The cells within a cancerous tumor are usually highly diverse. An average tumor contains hundreds of thousands of mutations spread throughout billions of cancer cells, although it is thought that only a small percentage of these mutations are "drivers" which facilitate the progression of cancer into later stages [@greves2012]. A lack of understanding about the evolutionary process which results in the observed intratumor heterogeneity is a major obstacle preventing the development of effective cancer therapies [@stanta2018].

Tumor growth is inherently a three-dimensional process. For this reason, the most accurate models of intratumor heterogeneity will factor in the effects that spatial growth has on the diversity of the tumor. One of the most popular models was introduced by @waclaw2015, which models spatial tumor growth as a multi-type branching process where cells occupy sites on a 3D lattice. Similar models have been studied in more recent literature (See @chkhaidze2019, @opasic2019). However, the software is either unavailable or designed to run at the command line, which is inconvenient for `R` users. 

This package, a Spatial model of Intra-tumor Heterogeneity (SITH), implements a 3D lattice-based model of tumor growth (see Model details) that can be used entirely from the `R` console. The package allows for 3D interactive visualizations of the tumor, as well as a comprehensive summary of the spatial distribution of mutants within the tumor. `SITH` also contains functions allowing users to create simulated datasets from the generated tumor. 


### Model details 
Tumor growth is modeled as an exponential birth-death process where cells occupy sites on the three-dimensional integer lattice. Each cell is given a birth rate $b$ and a death rate $d$ such that the time until cell replication or death is exponentially distributed with parameters $b$ and $d$, respectively. A cell can replicate if at least one of the six sites adjacent to it is unoccupied. Each time cell replication occurs, both daughter cells acquire $Pois(u)$ mutations, for some chosen (usually small) $u$. We follow the "infinite alleles model" [@kimura1964] in assuming that each alteration occurs only once, so that each mutation event induces a unique allele in the population. 

An alteration is a driver mutation with probability $du$ and is a passenger otherwise. To model the selective advantage conferred to driver mutations, the birth rate of a cell depends on the number of driver mutations present in its genotype. Following a common assumption [@waclaw2015], a cell with $k$ driver mutations is given a birth rate $bs^k$, where $s \geq 1$ and $b$ is the initial, or wild-type, birth rate.
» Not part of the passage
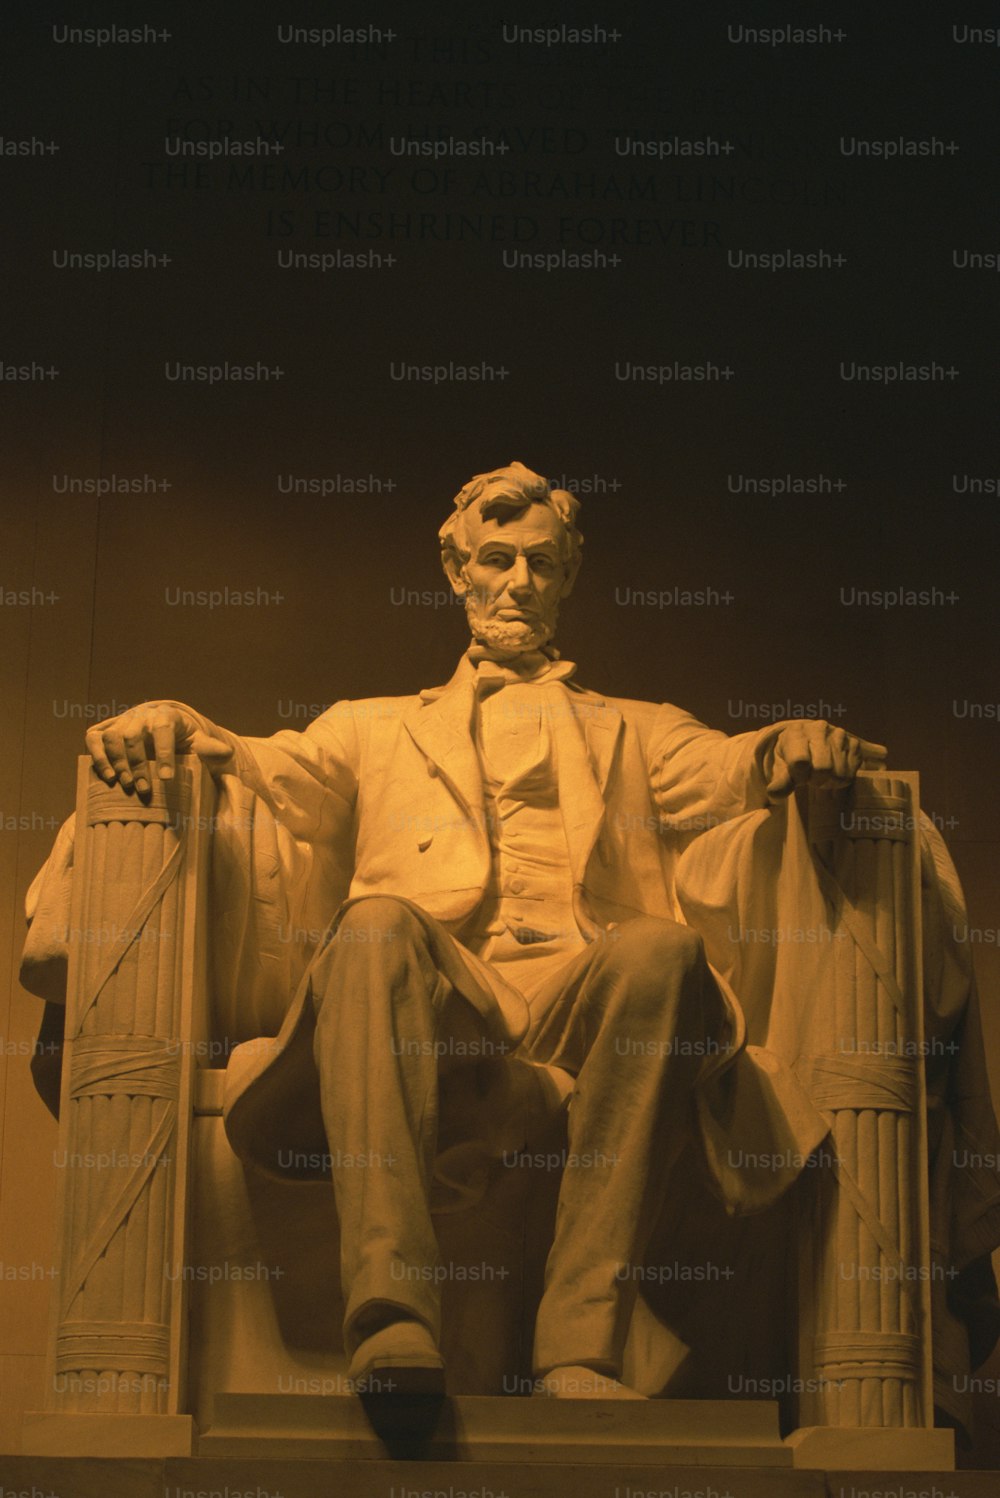 椅子に座っているエイブラハムリンカーンの像

The death rate remains the same as the dynamics of the model are completely determined by $b/d$. Since cancerous tumors are believed to often begin with a single mutated cell [@cooper2000], the initial state of the model is a single cell at the origin with $b > d$. 

For more information on how the model is simulated, see the appendix. 

## Simulating spatial tumor growth 

As always, we begin by loading the package and setting a seed.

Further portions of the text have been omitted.